Especially when the subject feels so difficult?

Follow
the steps below one after the other. Don’t jump any step because these steps
are progressive. If you don’t succeed in completing a step, you must not
continue. Make sure you finish the earlier step successfully and then come back
here.

Pick
up one chapter from your **Maths** textbook
that is difficult for you and apply these steps diligently. You will then see
that your **Maths** performance improves
a lot.

## 1. Revise earlier learning

The
first job you should do without assuming anything is to make sure that your
previous record is thorough. You must pick up 10 problems randomly
from the earlier question papers and try to solve them.

If
you get eight or more problems right, then you can continue with the next step.
Otherwise, do this first exercise until you get at least eight of them right.

You
may not be able to score 80% on your earlier syllabus because of the following
reasons:

·
You
may not have understood the concept clearly

·
You
may not remember the formulas correctly

·
You
may not have followed the steps suitably

·
You
may have missed the rationale behind the calculation

·
You
may have erred while putting the signs properly

Whatever
is the reason, check it, correct it, and keep at it until you get 80%. Don’t be
in a hurry to finish everything in one go. What you learn now is going to help
you throughout your life.

## 2. Analyze the first problem

Once
you have decided on the chapter in the current syllabus, take the first problem
and try to analyze it.

·
What
is the question about?

·
What
exactly should you get as an answer?

·
How
do you derive the steps?

·
What
kind of thinking is involved?

·
How
many substitutions are there?

·
How
many deductions are there?

·
What
formula is being applied and why?

·
What
rule is being followed and why?

## 3. Inverted Triangle

Do
not be in a hurry to pick up a similar problem from the exercise section and
try to copy the solution. This is the greatest mistake done by almost all
students.

There
are a few more stages of preparation before you do it.

Imagine
an inverted triangle. Look at the problem and try to fill in the gaps.

On
the working sheet, draw an inverted triangle as shown above, and answer the
following questions.

·
Find
out how many steps are there to arrive at the solution?

·
What
happens in each step? Write down next to the step.

·
Sometimes
a value is assumed, a parameter is added, a substitution is done, or a
deduction is undertaken.

·
Whatever
happens, note it down until you reach the solution.

·
Once
you complete this exercise, compare the problem with the solution.

·
How
are they different? What insight comes through?

## 4. Counting Steps

The
most important aspect of the whole exercise is to remember the number of steps
you need to solve the problem.

Each
problem has a fixed number of steps and every time you come across a problem,
always remember to count the number of steps.

In
the above example, only five steps have been shown for illustrative purposes.
In actual cases, it could be more.

Just
look at the other problems solved in the textbook within the same chapter and see
if the number of steps changes or remains constant.

If
they change, then try to analyze why there is a change?

You
have chosen the easiest problem in the chapter by taking the first problem.
Determine how things are added as the content progresses.

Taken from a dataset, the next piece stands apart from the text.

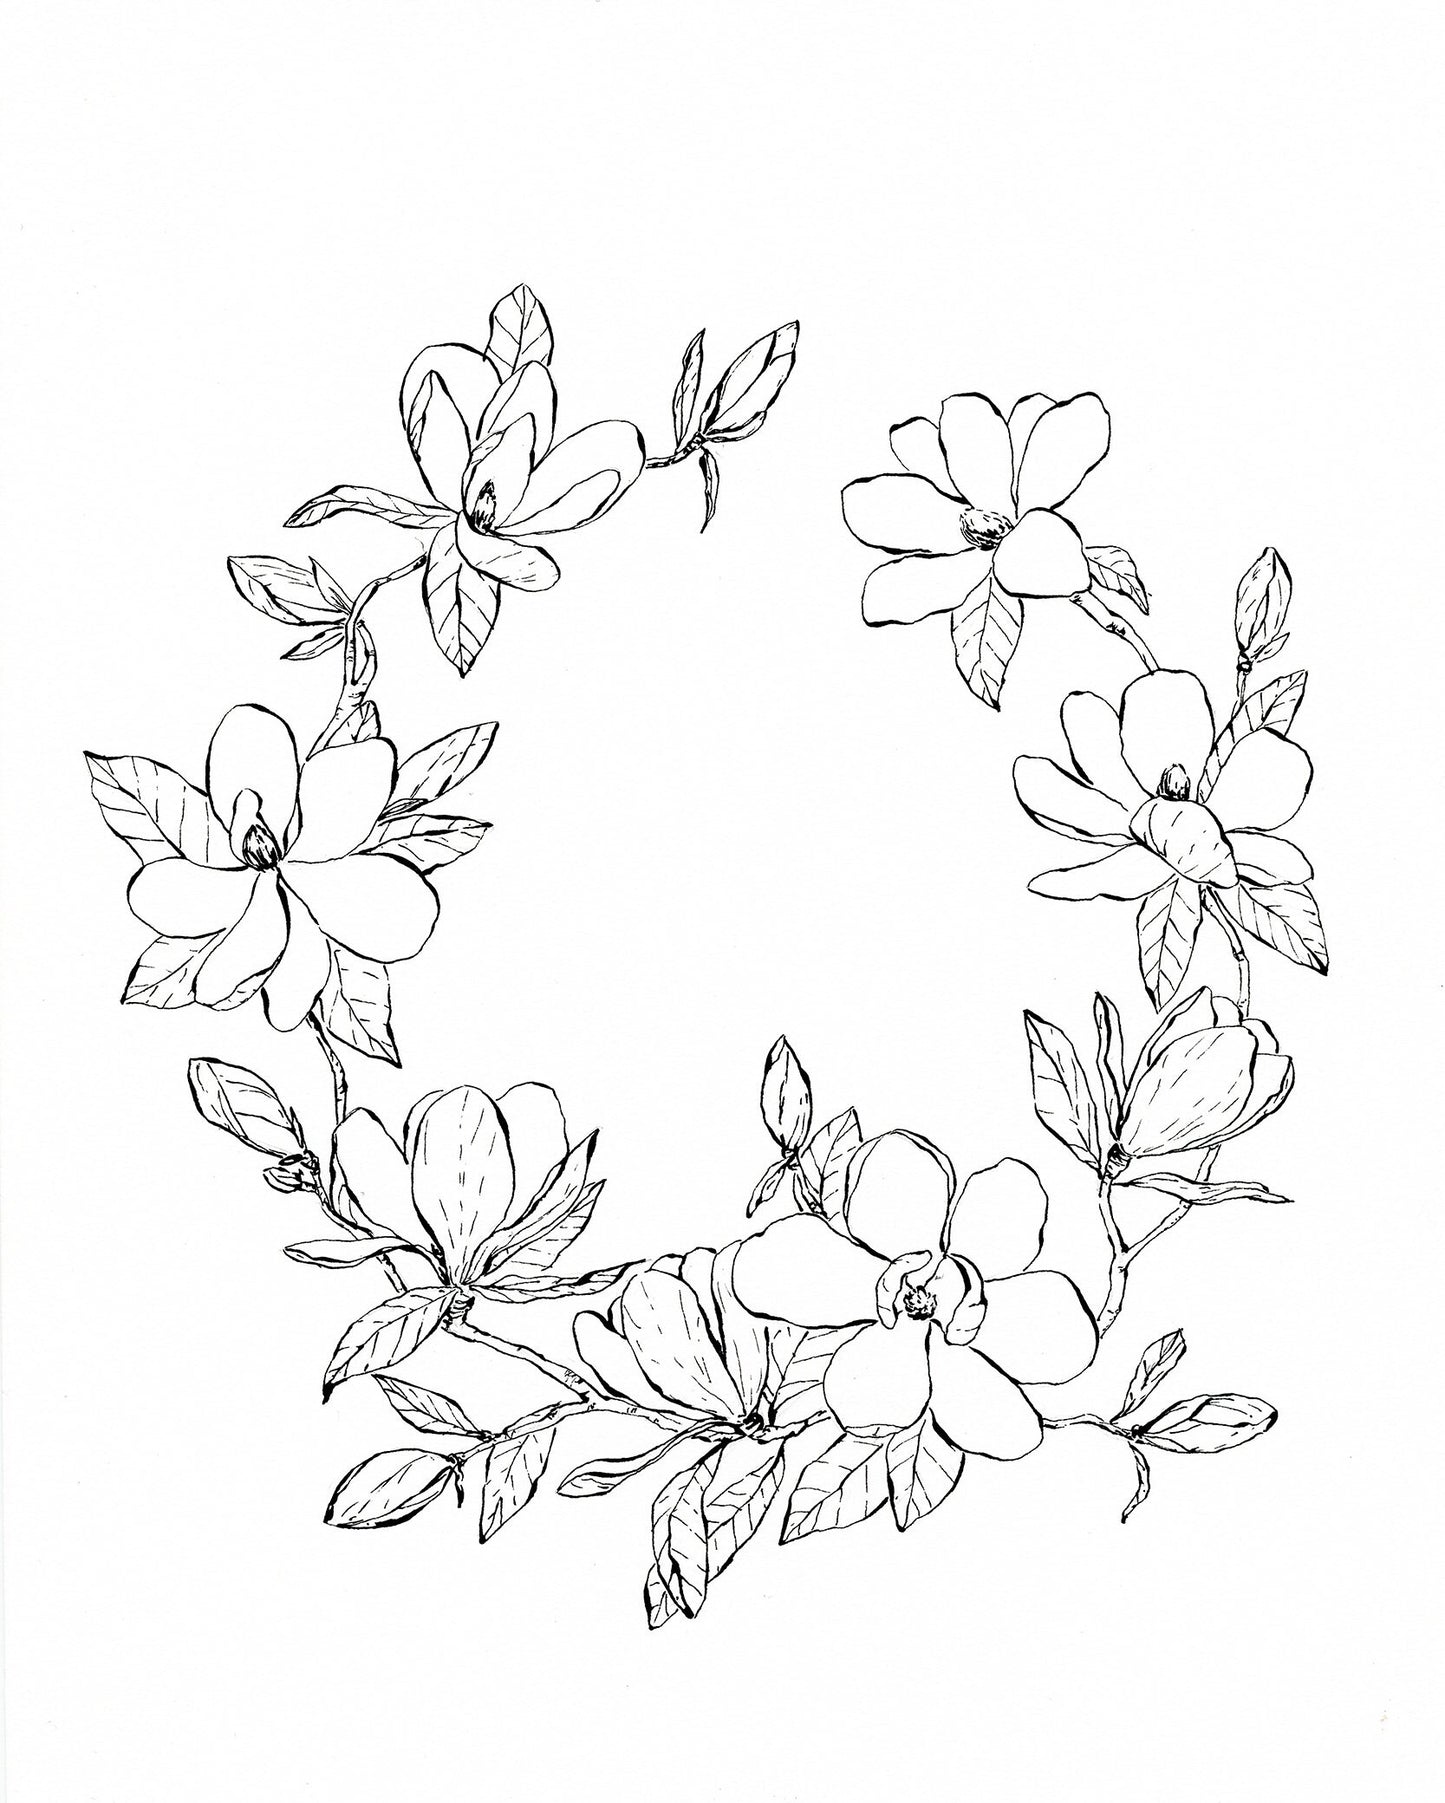 'Magnolia Wreath' original ink illustration, 8.5x11in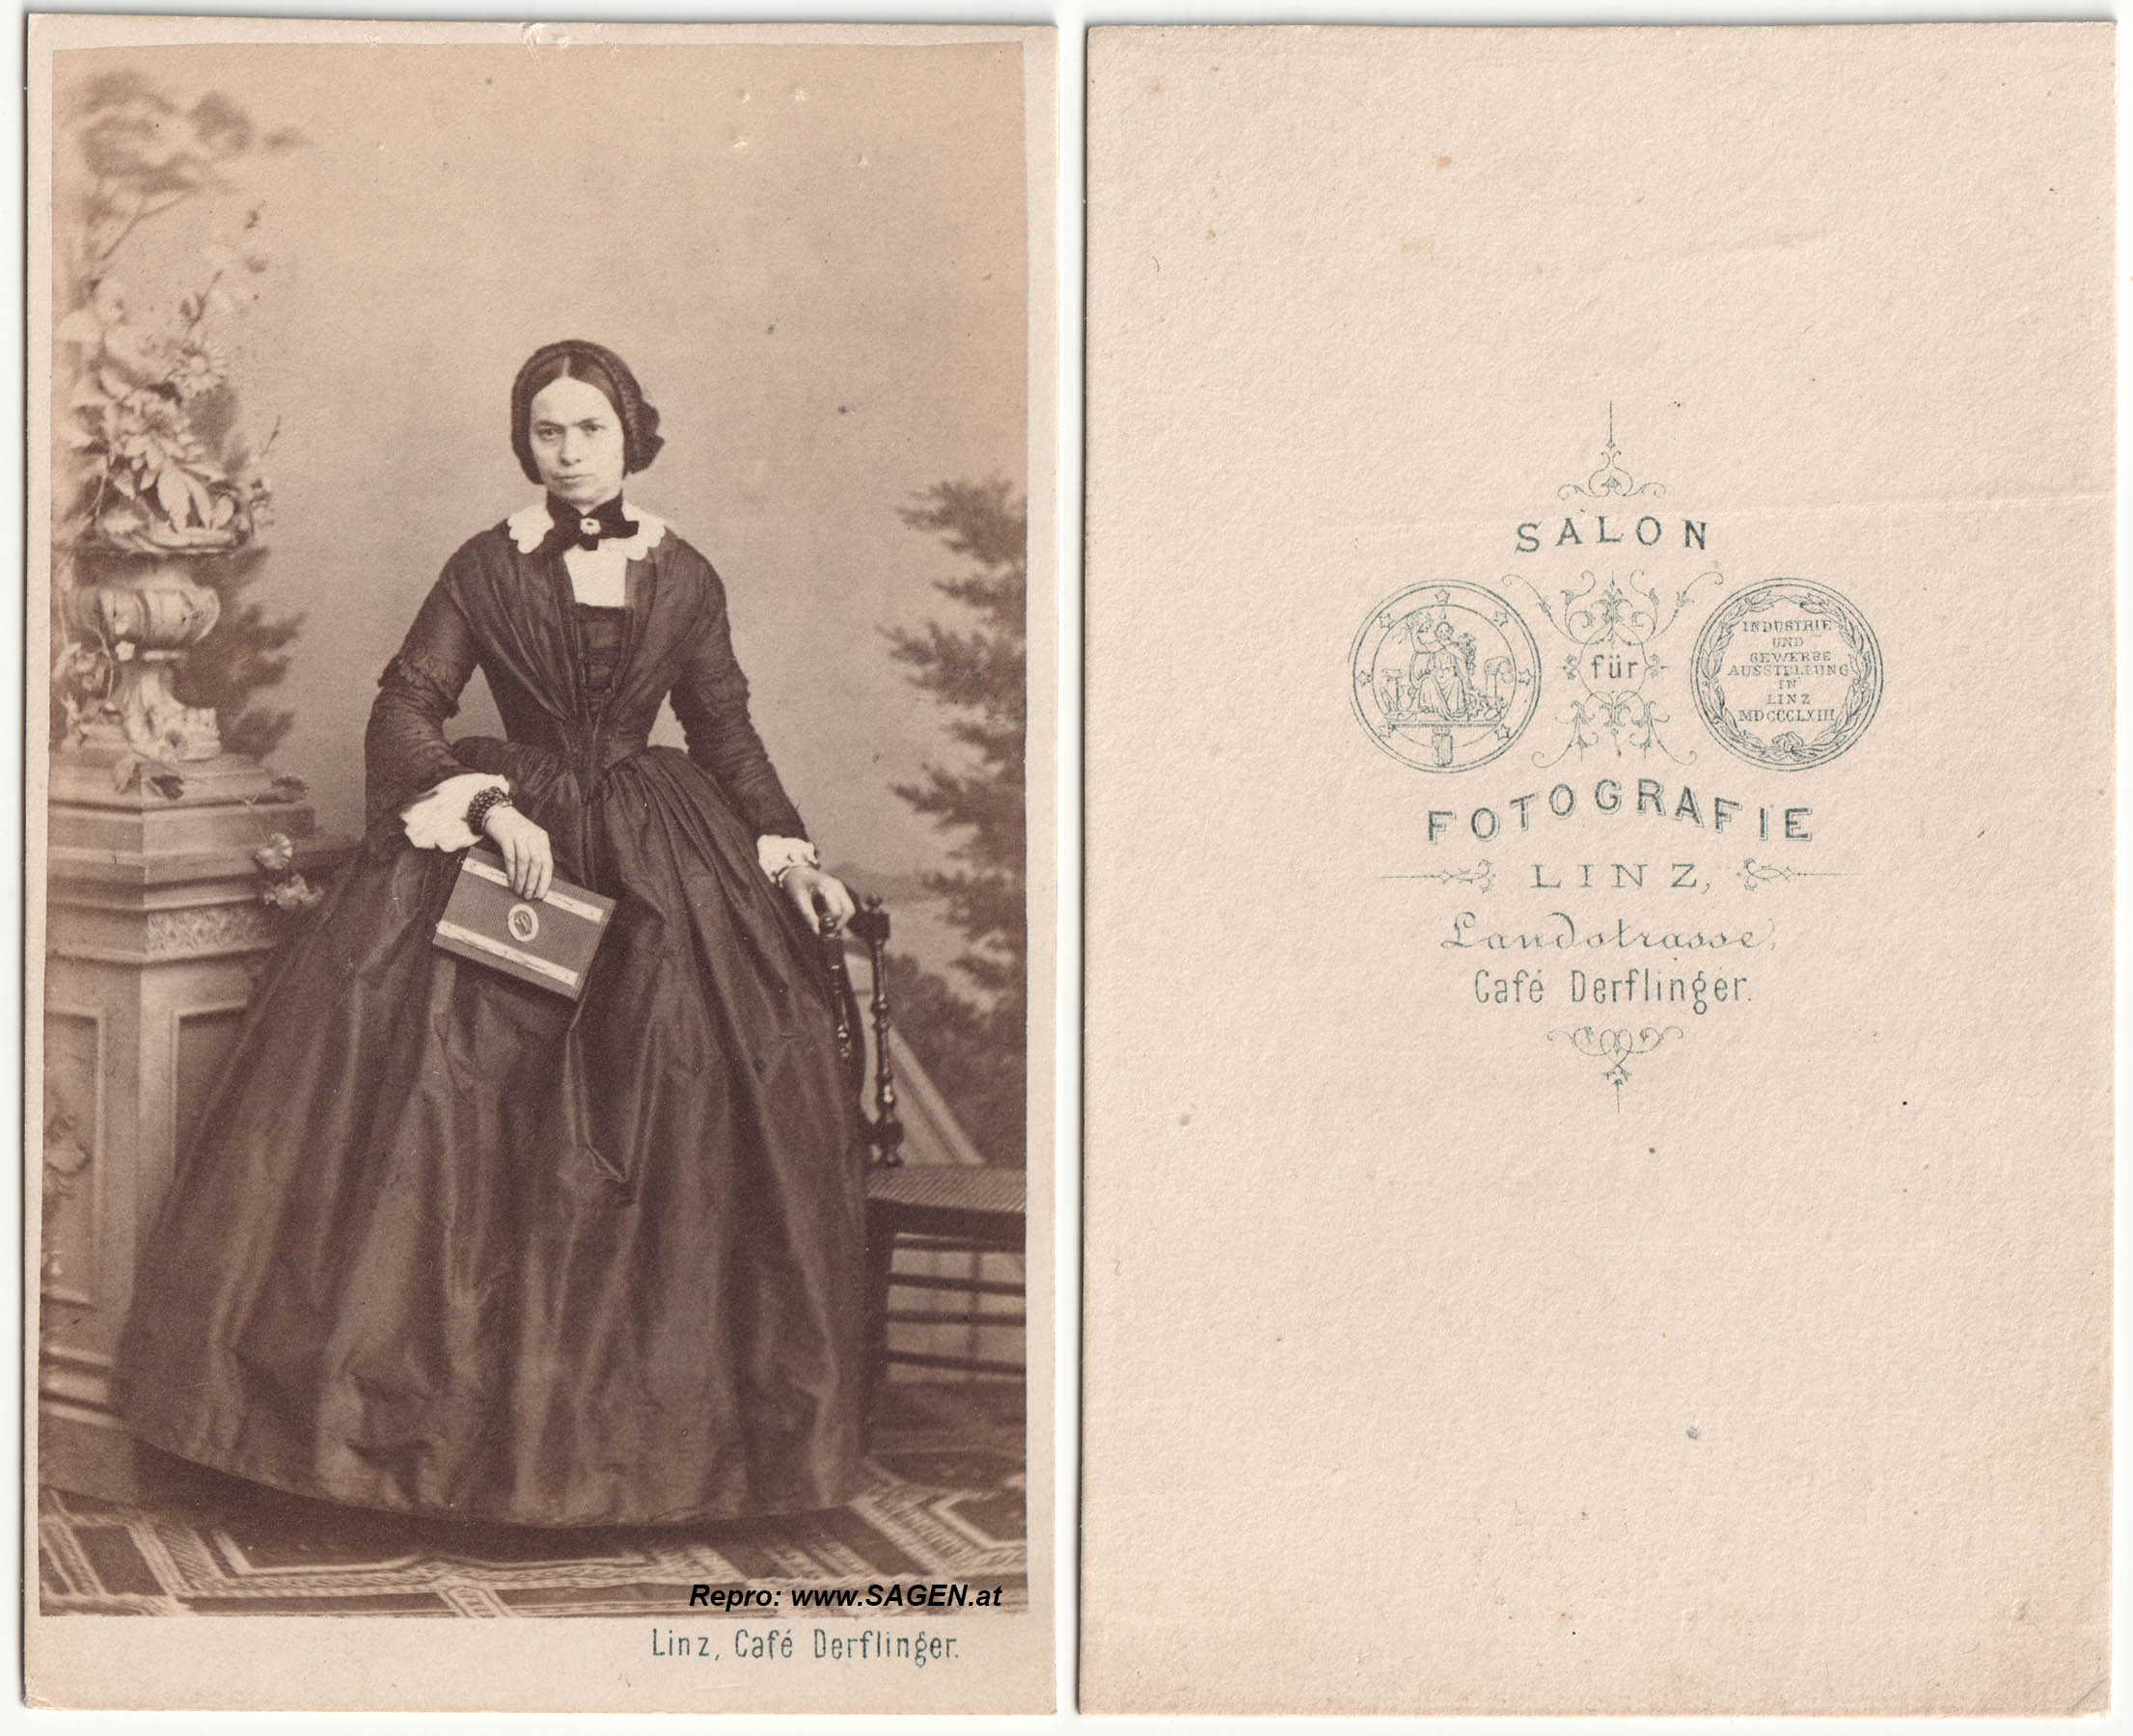 Porträt einer Dame, Salon für Fotografie, Café Derflinger, Linz um 1863

## 5. Compare the first with the last

Compare
the first problem with the last problem and then come down to other problems.
This is essential to understand the variation in the concept and the
application of the concept.

Each
problem in the chapter should be compared with the first problem so that you
will have an idea as to what changes happen between them.

## 6. Follow Rules like BODMAS

**Maths** is highly systematic in its
functioning and adheres to the rules very strictly. Errors creep in when these
rules are either ignored or forgotten.

Check
what kind of rules are being followed in the chapter.

·
Sign

·
addition

·
subtraction

·
division

·
indices

·
power

·
exponential

·
simplification

·
estimation,
etc.

## 7. Remember Formulas

You
must remember the formula at any cost. To achieve this, you have to know the formula
by heart. Try to write down the formula without referring to any notes or
textbooks. Do this every day until you feel you are thorough. Then, reproduce it
after a gap of three days, one week, one fortnight, and one month.

## 8. Prepare Charts

Make
separate charts of rules, formulas, symbols, diagrams, etc. These charts will
not only help you to remember things vividly but also minimize your exam
preparation.

You
can even devise strategies to make separate charts, for example, one chart on
Area, another on Volume, etc.

## 9. Extract Common factors

These
charts will also help you in extracting common factors between one problem and
the other. Suppose you choose 'Volume', you can see what is common between the
volumes of almost all shapes, whether it is a cube, sphere, cuboid, square,
circle, pyramid, prism, cone, etc.

## 10. Remember unique factors

Similarly,
identify unique factors. There are certain things you consider in some
calculations, which you will never consider in other calculations. Extracting
these unique factors will help you to understand the special characteristics.
For example, if you choose Area, you can now see what is unique between the
Areas of a triangle, circle, square, rectangle, trapezium, rhombus, equilateral
triangle, sphere, semicircle, etc.

## 11. Go to basics when stuck and apply your knowledge

If you are stuck somewhere in the middle while trying to solve the problem, don’t refer to the textbook or notes, and immediately correct your mistake. This is the gravest mistake almost everyone will do. The correction will happen on paper because you have copied it. But correction will not happen in your brain, where the information is stored. Chances are the same thing is bound to happen later, too. Let’s not carry this mistake to our exams, too.

So,
try to reason out why you are stuck. Sometimes, we may have forgotten some
basic principles. So, go back to basics and verify where you have gone wrong.
Only then, come back to this problem, apply what you have learned, and try to
solve the problem without any help.

## 12. Variation due to change in plus to minus

Once
you successfully solve a problem, do not stop there. Change the sign from plus
to minus once and see how the calculation varies from one problem to another.
Now you will know the importance of plus and minus. The majority of the
students make the mistake of writing plus for minus and vice versa. This is
what leads them to miscalculations.

In
addition, change the value of just one parameter, and see how the calculation
differs from the original.

This
kind of manipulation during practice is necessary for us to find the nuances in
**Maths**.

## 13. Try to come from the Answer to the Problem

Another
manipulation you can do is to see how things add up when you proceed from the answer
to the question. If you can see the differences that occur in each step and how
important it is, you will be able to master **Maths**.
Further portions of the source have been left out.